E’ perfetta per il mio Laptop o su Orange PI ( Embedded ).

PCIe 5.0 ?

 

LLM non gira su M.2 ? 😣

Leggendo l’SDK… Interessante… 🤔

Best answer by jonask-ai

Ciao Falcon9,

honestamente non riesco a seguirti 😅

I also find the thought interesting, that LLMs will be in a way become an addition to existing operating systems, like what we see in science fiction. Would be great to have it e.g. in a smart speaker for the beginning 🤓

Just to make sure I am understanding the technical part right: 
You are already running (inference) LLMs like gemma3:12b on your Laptop (with intel CPU and NVIDIA GPU) via Ollama, but you are not happy with the performance right?
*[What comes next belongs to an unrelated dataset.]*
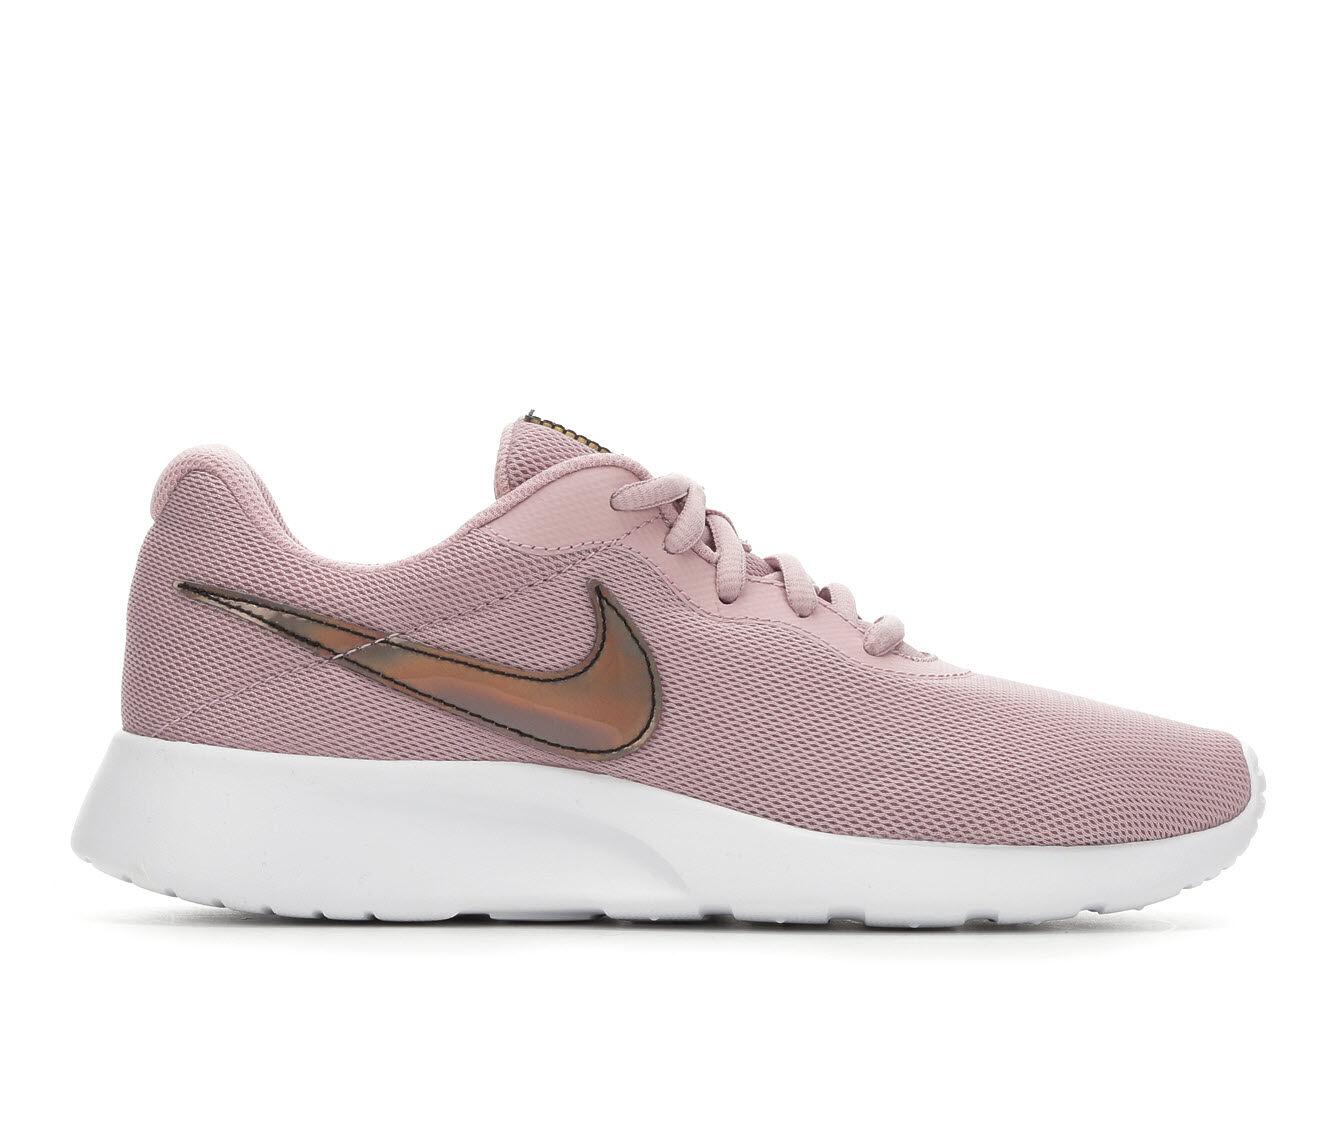 uk shoes_kd4426

So in order for you to run Language Models with our current version of SDK, you’d need to have a PCIe card and a system which has a slot for the PCIe card. The M.2 will not work, as our Metis chip has a memory associated with it, which is in the case of M.2 not sufficient to run the LLMs in our test environment. 

7 replies

Spanner
Axelera Team
Forum|alt.badge.img+2
  • Axelera Team
  • July 14, 2025

Non c’è modo di aggiungere RAM a questa bellezza 😁?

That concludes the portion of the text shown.